What we will do is move our own amendment to this bill, and I think it is a very sensible amendment. We will seek to improve the independence of the governor and we will seek to improve the RBA’s accountability to the Australian people through this parliament. Accountability and independence would be achieved by requiring the governor to testify before the Standing Committee on Economics. This is an approach that is taken in similar jurisdictions, such as the United Kingdom and the United States. It is also required by the European parliament. We believe that it is sensible for the bank to appear before the parliament on a more regular basis. Through that, they are more accountable to the Australian people. Currently it happens twice a year; we believe that it is sensible for these hearings to happen four times a year. I think that is a sensible amendment and it is one that has my wholehearted support.
This bill is a clear example of how this government operates. After six months I think we are getting a pretty good view about what is important to this government. What is always important to it are style and spin—it is never the substance. You always need to look at what this government does and not at what it says. The Treasurer and the Prime Minister wanted to appear to be economic conservatives. They do not understand what that term actually means. Their public relations company told them it was one they should use.
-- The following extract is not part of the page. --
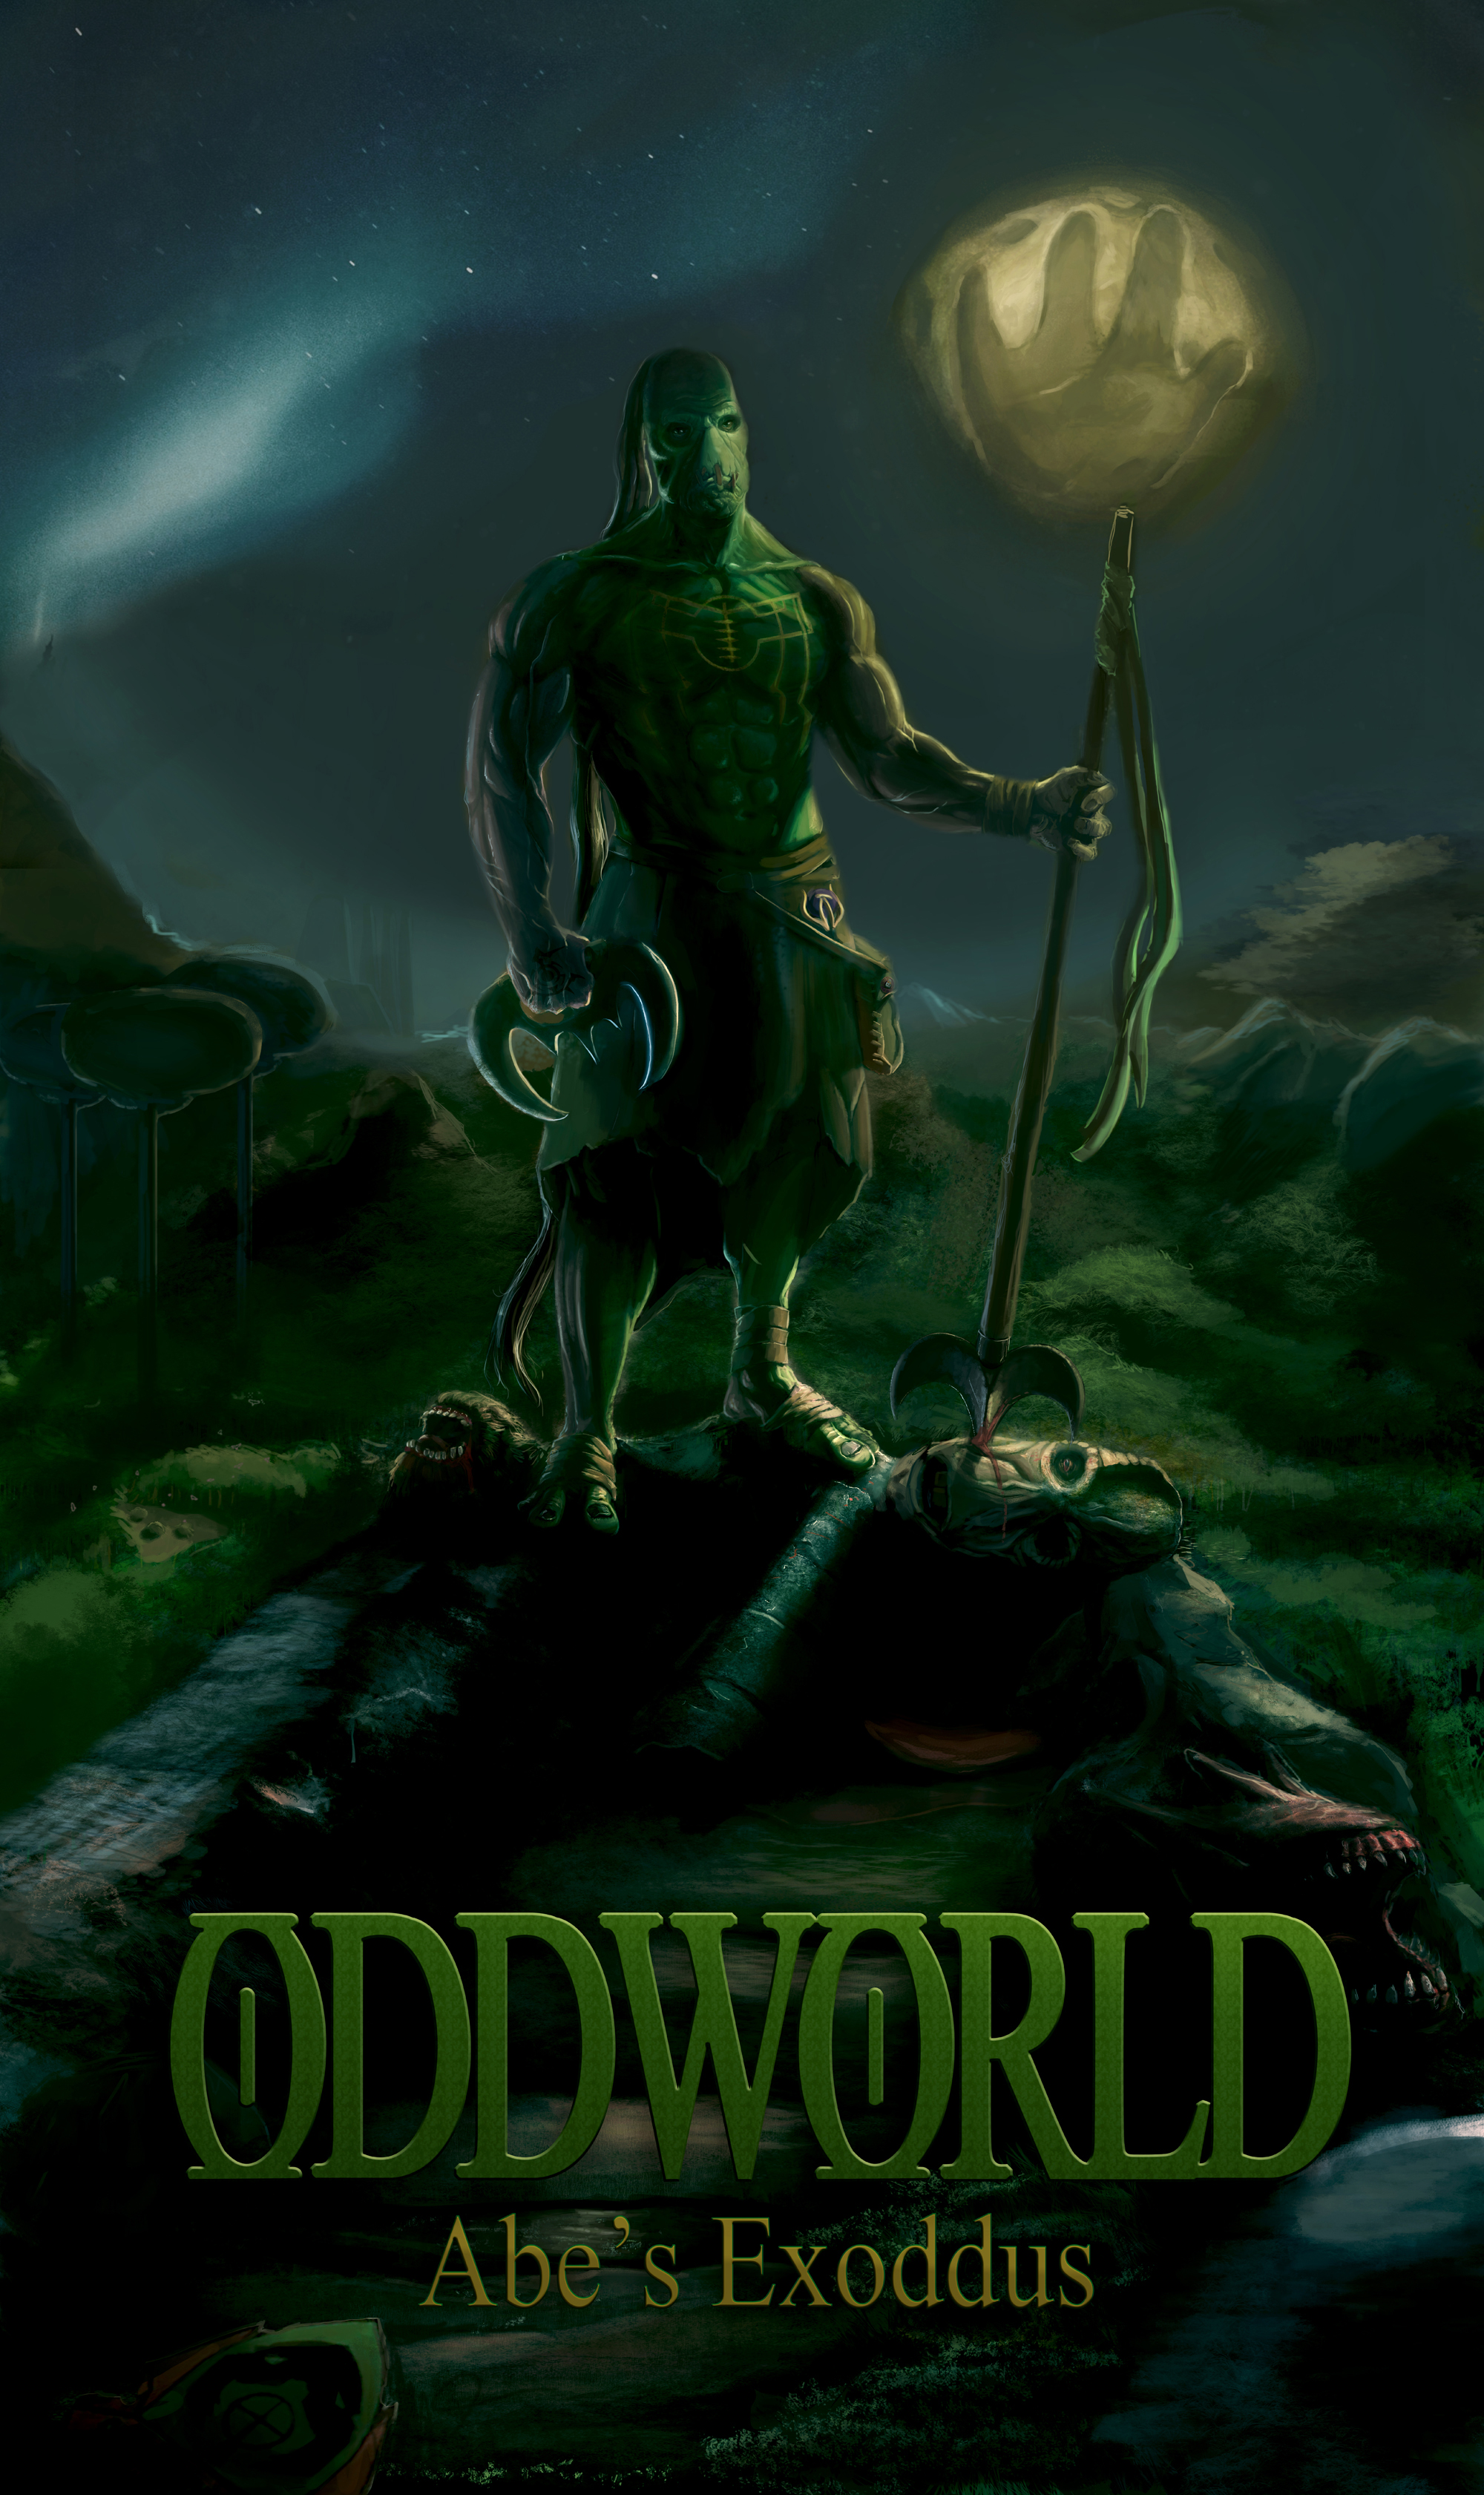 Oddworld: Abes Exoddus by CatsGameReviews on DeviantArt

So they have tried to come out and pretend they are economic conservatives and now they have had a ‘road to Damascus’ style conversion to believe in the independence of the Reserve Bank, which is something the Labor Party has always opposed and never believed in. They said that they would enhance the independence of the Reserve Bank; they have no idea how to go about doing that so they came up with this ridiculous bill that will cause confusion and has the serious potential to adversely impact on the creation of monetary policy in Australia. It is a bill that cannot be supported by the opposition and I urge all members to take a good look at it and join us in opposing these ill thought out measures.